Henry honey, when can we expect this month’s transfer? Dad and I are planning that Alaskan cruise we talked about.
The one they’d mentioned once in passing. The one I had never agreed to fund.
I set my phone down and let it buzz until it finally went silent. The entitlement cut deeper than I expected. What had I actually been to them all these years? An ATM with a pulse. A resource to tap whenever needed, while they rolled their eyes at the life I had built.
That was the moment something shifted inside me.
No more.
I opened my banking app and stared at the shared emergency account I had established for family needs. There was $887,000 in it, and every cent was mine.
I transferred all of it to my private account.
Then I drafted a simple email, attached the video link, and added one line.
There will be no more transfers. Ever.
I hit send, turned off my notifications, walked out to my balcony, and stood there in the morning air breathing deeply, as if I were surfacing from deep water for the first time in years. I felt something close to peace.
Of course, I knew the storm was coming.
But in that moment of clarity, I finally understood what had eluded me for years. I didn’t need their approval. I never had. They needed my money, not the other way around.
The realization filled me with a strange, hollow kind of power.
My phone exploded with notifications within minutes. Calls, texts, voicemails. I ignored all of them.
That evening, I streamed exactly as scheduled. I smiled, interacted with my community, and said nothing about the family crisis unfolding in my inbox. This part of my life was mine, and they had no place in it anymore.
Three days passed in that strange limbo. I blocked their numbers after the first day, changed my email, and instructed building security not to allow them upstairs if they appeared.
On the fourth day, the buzzer rang.
“Your father is here,” security said. “He’s quite agitated. Should I send him up?”
My heart hammered against my ribs, and for a second my body reacted before my mind did. That old instinct to avoid him was still there. But I was done running.
“Yes,” I said. “Send him up.”
The minutes before he arrived felt endless. Every heartbeat sounded louder than the last. Then came three hard knocks, sharp enough to rattle the door.
When I opened it, my father was standing there with his face flushed and twisted in the familiar anger I had grown up fearing. It was the same look that had once made me cower without thinking.

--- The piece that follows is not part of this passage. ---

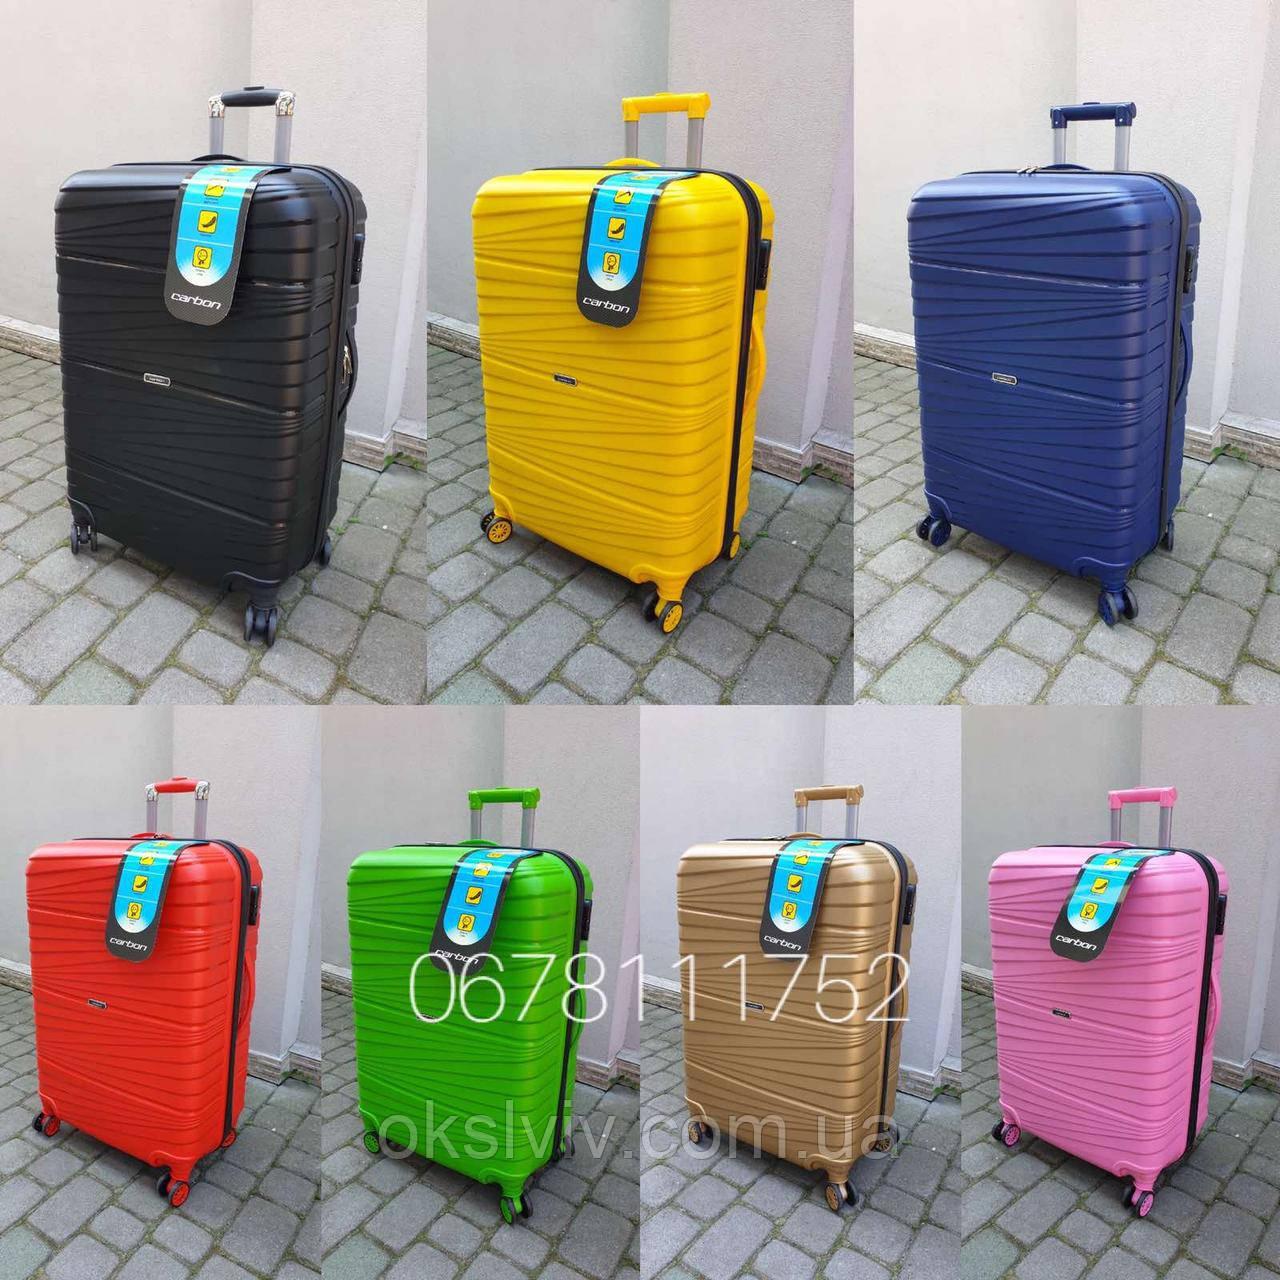 CARBON 2020 Німеччина валізи чемодани, сумки на колесах

“What the hell do you think you’re doing?” he demanded, pushing past me into the apartment without waiting for an invitation.
I closed the door quietly behind him.
“Hello to you too, Dad.”
He spun around and jabbed a finger toward my chest.
“Don’t get smart with me. What’s this nonsense about cutting us off? Your mother is beside herself.”
“I saw the video.”
His face changed for a moment. First confusion, then recognition, then immediate dismissal.
“That? That was just a joke. Kelly was having fun. You know how she is.”
My chest tightened.
“A joke,” I repeated. “And the 30,000 people who watched it were all in on the joke too?”